# Driving directions website - tolls & construction



## hibbeln (Jul 2, 2012)

Hi everyone!  
I remember in the past I've used a website for driving directions that told the exact toll we'd pay at each toll booth, and also showed construction.  It also showed the exact road sign we would see at each exit/turn.   I know I've used "it" in both the USA and in Europe.  But for the life of me I can't figure out which one it was!
MapQuest - closest, shows the road signs at least
Google Maps - nope
Rand McNally - nope

I know it was a major website, but I am totally drawing a blank!  Which one am I missing?  

BTW:  we're driving from Detroit to Hilton Head on Friday


----------



## pedro47 (Jul 2, 2012)

What it AAA ?


----------



## sfwilshire (Jul 2, 2012)

pedro47 said:


> What it AAA ?



AAA is the American Automobile Association. Before the internet was so popular, it was great for getting maps, guidebooks and directions. Now we just use it for towing and emergency service, such as changing a flat tire or letting the kids in when they lock themselves out of their cars. 

Sheila


----------



## sfwilshire (Jul 2, 2012)

hibbeln said:


> Hi everyone!
> I remember in the past I've used a website for driving directions that told the exact toll we'd pay at each toll booth, and also showed construction.  It also showed the exact road sign we would see at each exit/turn.   I know I've used "it" in both the USA and in Europe.  But for the life of me I can't figure out which one it was!
> MapQuest - closest, shows the road signs at least
> Google Maps - nope
> ...



I think I used viamichelin.com when we went to Great Britain.
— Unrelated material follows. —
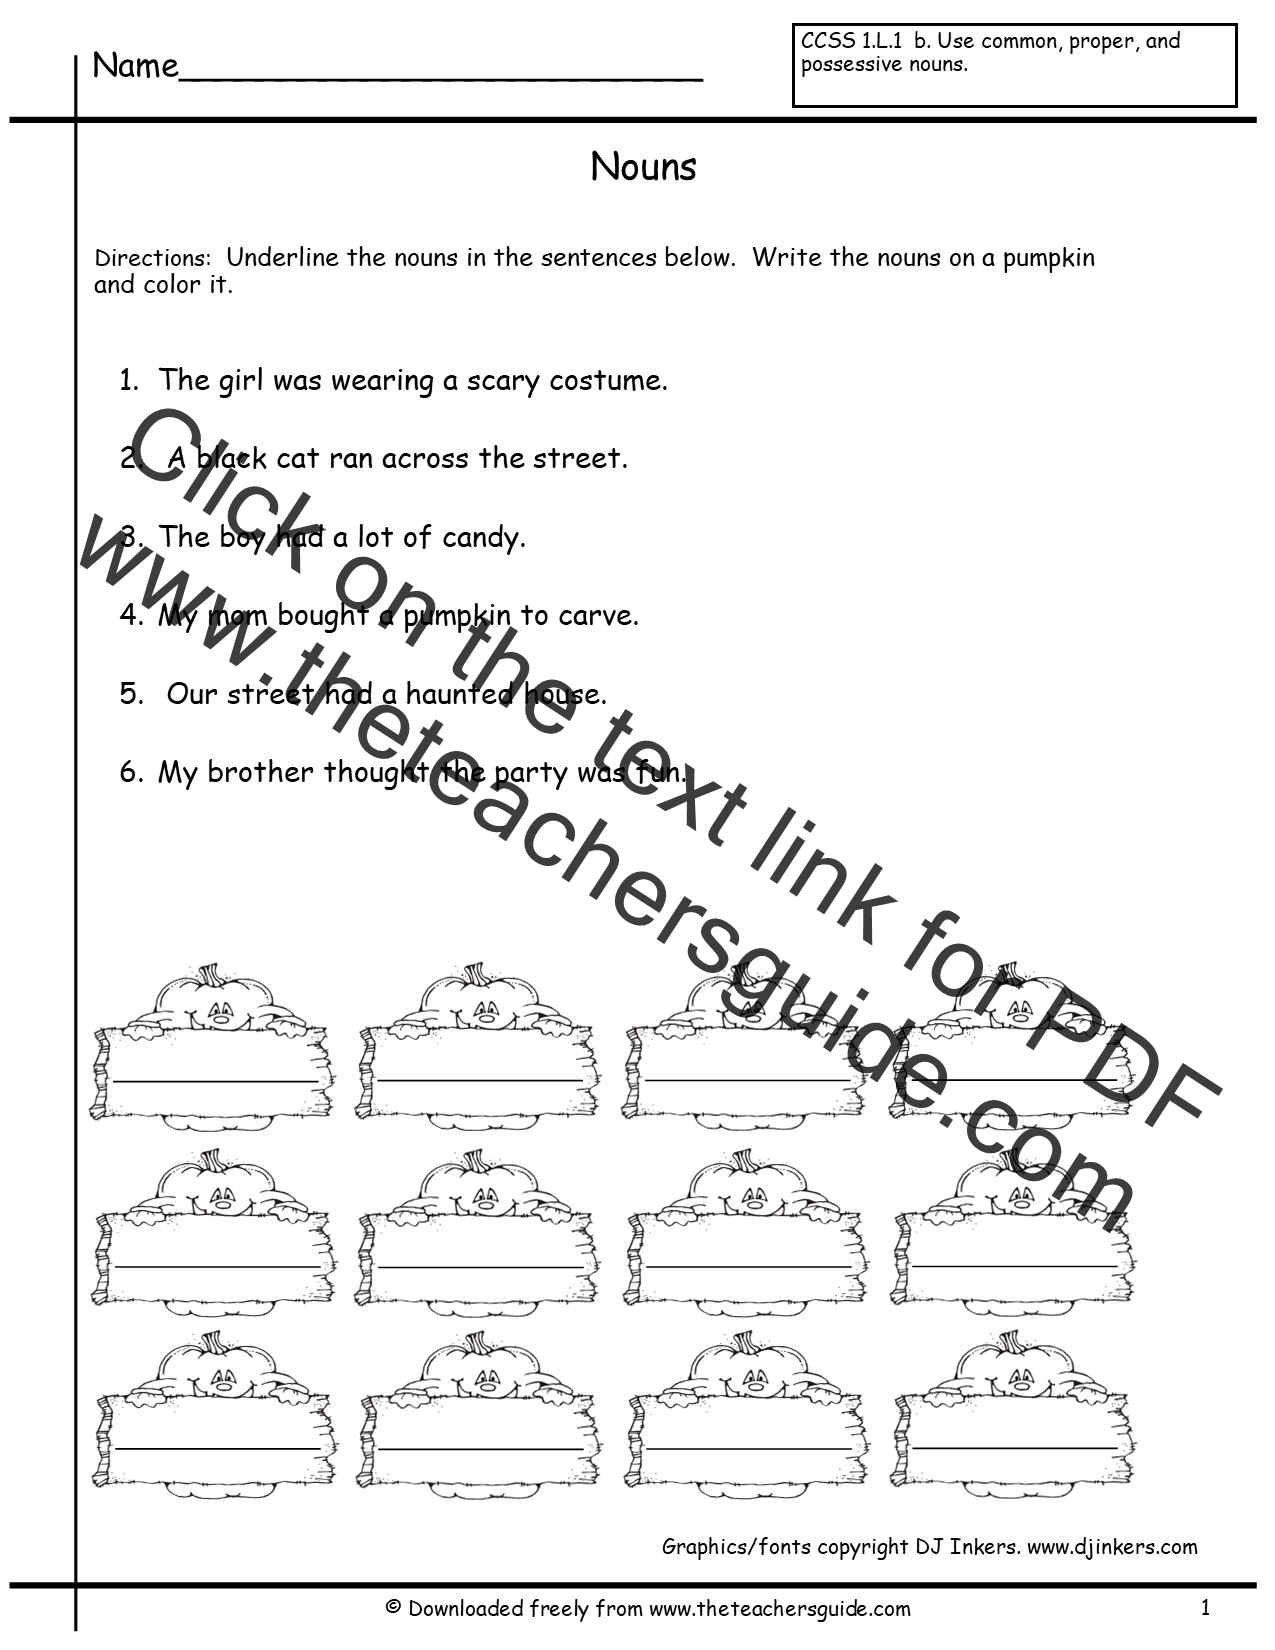 nouns-worksheets-and-printouts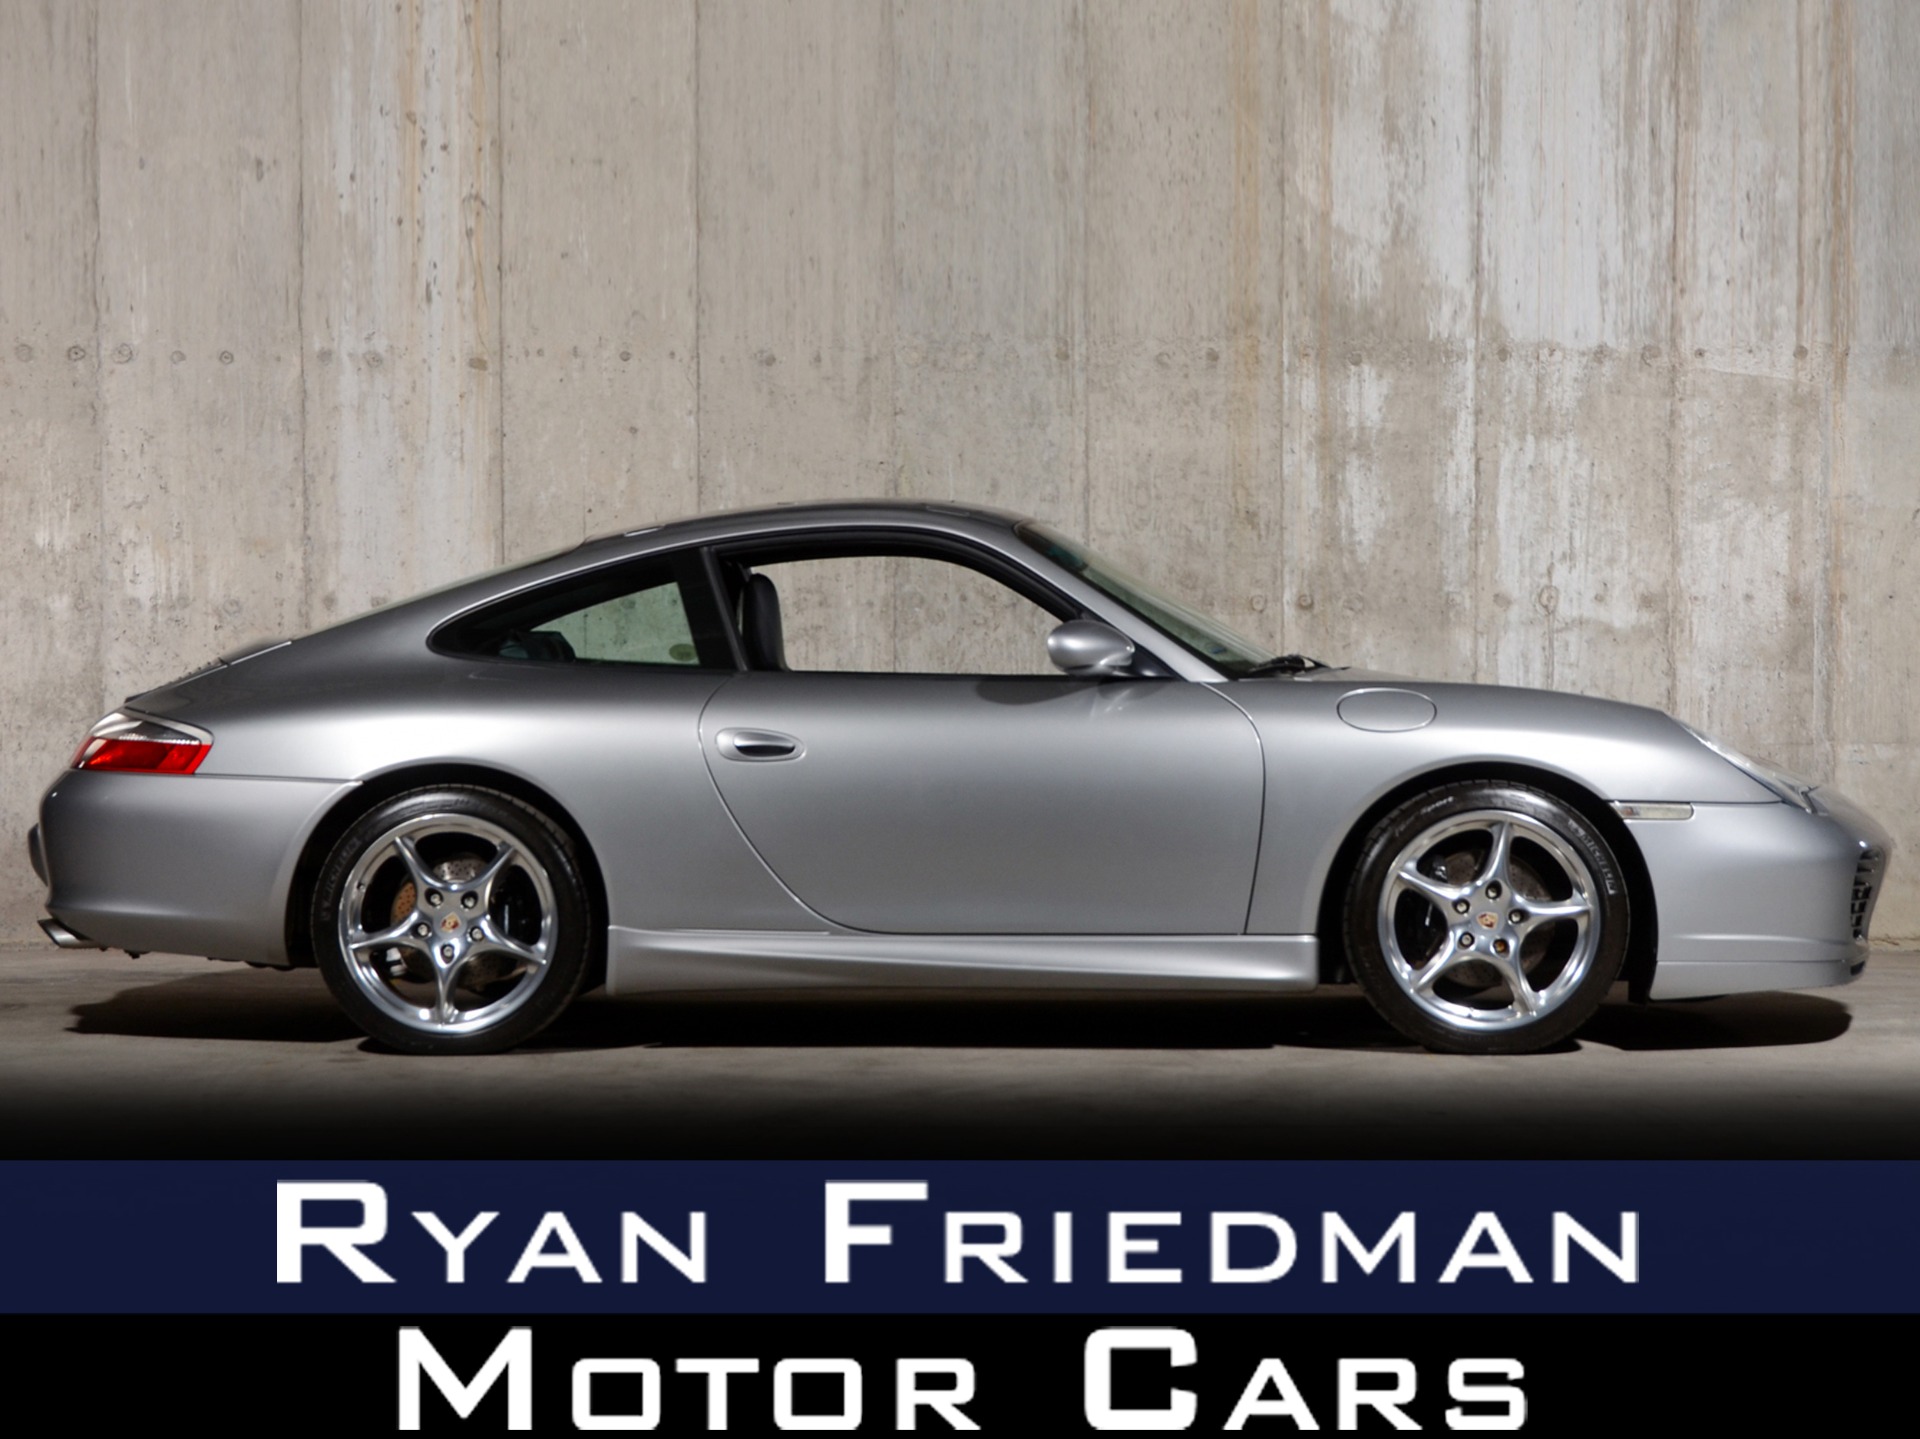 Ryan 911 | LLC 2004 (Sold) Anniversary Edition Motor Sale Carrera Used For Friedman Stock Cars Porsche 40th #1406

I usually don't give tolls a thought, but we got "sticker shock" driving 95 from the DC area to Hyannis MA. $13 here, $14 there, $6 another place added up fast. It seems every state wants their share of your money.

Maybe I'm wrong, but I always thought I'd already paid for the Interstate highways with my tax dollars. At least in Florida you have the option of the no-toll Interstate or the Turnpike where you pay the tolls.

AAA lists the tolls on their triptiks, I think. I also think you can print your own from their website, even if you're not a member.

Sheila


----------



## hibbeln (Jul 2, 2012)

Viamichelin!!!!!!!       That's it!!!!!!!
THANK YOU!   Yes, we used it in France for directions from Paris to Bayeux and back, and it was soooooo helpful with showing exact signage and tolls so there were no surprises.   We used it again in Germany and Austria and then also in the USA.   IT's just so great to have an idea (plus or minus 10-25 cents) what the tolls will be.
THANK YOU!!!!!!!!!!!!!!!!!!!


----------



## csxjohn (Jul 4, 2012)

hibbeln said:


> Hi everyone!
> I remember in the past I've used a website for driving directions that told the exact toll we'd pay at each toll booth, and also showed construction.  It also showed the exact road sign we would see at each exit/turn.   I know I've used "it" in both the USA and in Europe.  But for the life of me I can't figure out which one it was!
> MapQuest - closest, shows the road signs at least
> Google Maps - nope
> ...



Out of curiosity I went to this site to see what it looked like.  I just got back from a trip from Cleveland to Nashville and there is major construction on I71 in Columbus that did not show up on this map.

Did the site change or am I doing something wrong? 

Thanks for any help.


----------



## hibbeln (Jul 4, 2012)

I think it did change because I'm not seeing either tolls or construction alerts.  I'm glad you said that though, as I was thinking about coming back via Columbus/71 so we won't now!).  
I might check with each of the state departments of transportation to look for construction, unless anyone has a better website?


----------



## csxjohn (Jul 5, 2012)

hibbeln said:


> I think it did change because I'm not seeing either tolls or construction alerts.  I'm glad you said that though, as I was thinking about coming back via Columbus/71 so we won't now!).
> I might check with each of the state departments of transportation to look for construction, unless anyone has a better website?



You can still come north on I 71 but when you get to the I 270 bypass, take it to avoid that mess ahead.  My SIL suggests to take 270 west and not east.  I don't know which is shorter.

It will add 10 mins to a normal trip but with the I 670 construction, it will save time.

That being said, when we came north the poor people heading south got caught by an accident on I 270 West and it was a parking lot in that direction.  We happened to go through at rush hour.

I personally used to take I 75 from Cincy to Toledo so that may be a better choice.

Do you belong to AAA?  They still give out triptiks and they are computer generated.  Very nice to use for a back  up to the GPS.


----------